New Delhi
Peter Nagy
America Invented Everything
Nature Morte is pleased to announce an exhibition of works by the gallery’s founding director Peter Nagy.
The works on view are a portfolio of new silkscreens that have been published by Fabjbasaglia Contemporary Art of Rimini, Italy, for the exhibition curated by the New York curator Richard Milazzo entitled “Sailing to Byzantium: Six New York Artists in Venice,” which took place at the Biblioteca della Fondazione Bevilacqua La Masa in Dosoduro, Venice from December 4, 2025 to January 11, 2026. Other artists in the exhibition were Donald Baechler, Ross Bleckner, Peter Halley, Vik Muniz, and Walter Robinson.

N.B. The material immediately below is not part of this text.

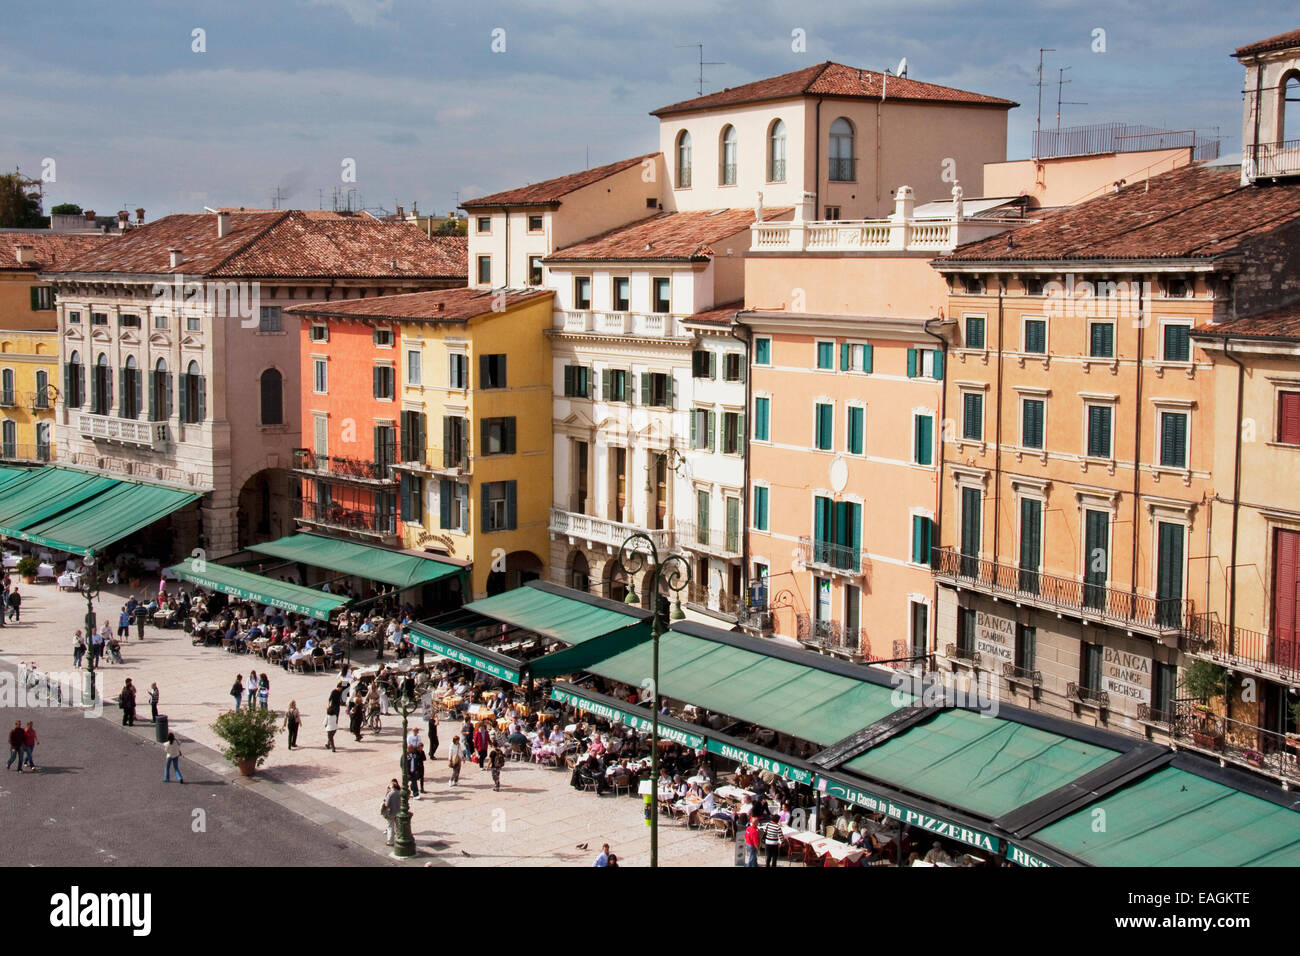 Piazza Bra, Verona, Italy Stock Photo - Alamy
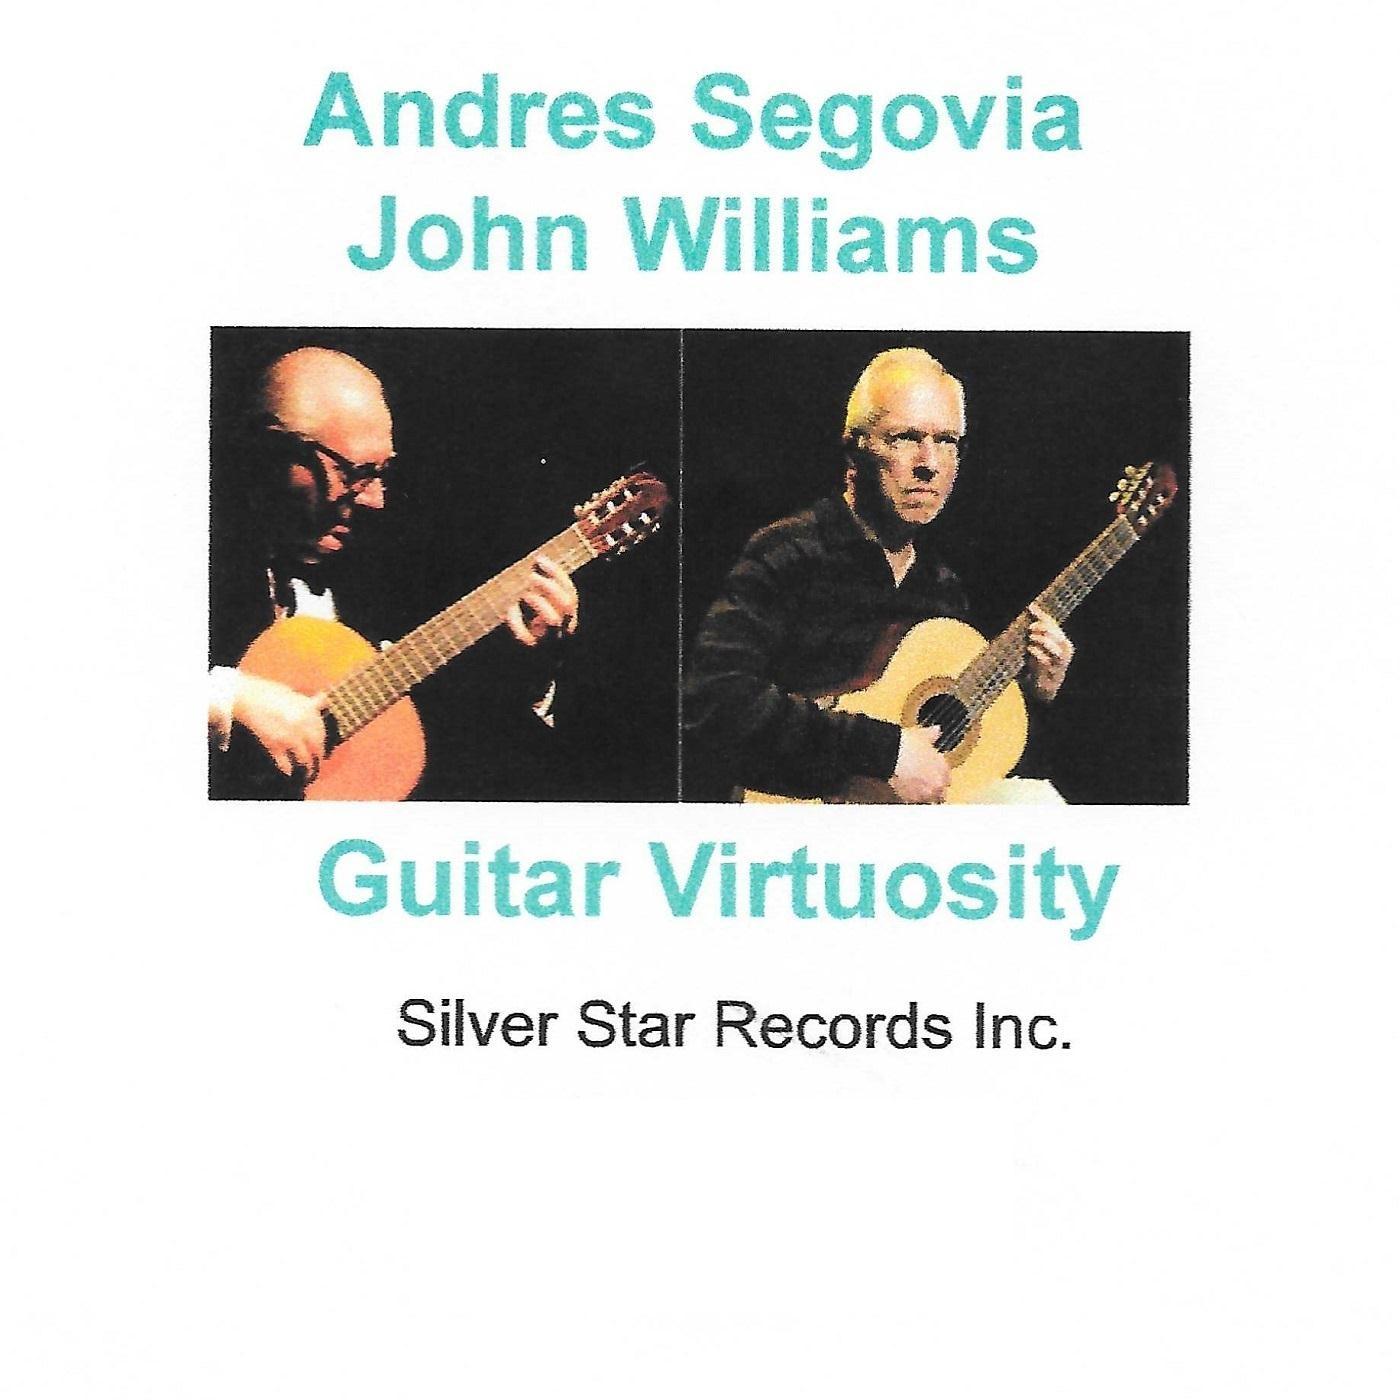 Guitar Virtuosity

The silkscreens, produced in Italy in 2022 in an edition of 40 each and averaging 120x120cms each, are reproductions of works Nagy produced between 1983 and 1991, when he lived in New York. All in black and white, they feature works that cover the range of mediums in which he worked: from the earliest works that were photo-copies made in unlimited editions, to works made as enamel-on-metal signs, and acrylic paintings on canvas. As a group, the works illustrate the strategies of graphic design and appropriation that Nagy employed in the 1980s, synthesizing art history, advertising and popular culture, joining images and texts into compositions that are both analytical and ironic. The works reflect a decade in which artists tested the status of representation itself, adopting quotation, seriality, and reproduction as deliberate provocations.
About the Artist
Peter Nagy (born 1959, Bridgeport, CT, USA) was co-founder (along with Alan Belcher) of Gallery Nature Morte in New York's East Village in 1982, where it continued until 1988. A graduate of Parsons School of Design in New York (1981) with a BFA in Communication Design and Art History, Nagy's art was represented by International With Monument in the East Village and later by Jay Gorney Modern Art in Soho. Solo exhibitions in the latter half of the 1980s happened in Los Angeles (Margo Leavin Gallery), Cologne (Jablonka Galerie), Milan (Studio Guenzani), London (Edward Totah Gallery), and Paris (Galerie Georges-Phillipe and Natalie Vallois) and his works have been included in important group exhibitions in museums including the Whitney Museum and the Metropolitan Museum of Art in New York, the Museum of Contemporary Art in Los Angeles, the Centre Pompidou in Paris, and the Tate Modern in London. His most recent solo exhibition was held at the Jeffrey Deitch Gallery in New York in 2020 and he is currently represented by Magenta Plains in New York.
Based in New Delhi, India, since 1992, Nagy resurrected Nature Morte there in 1997, championing young Indian artists and experimental art forms, where it continues today with gallery spaces in New Delhi and Mumbai.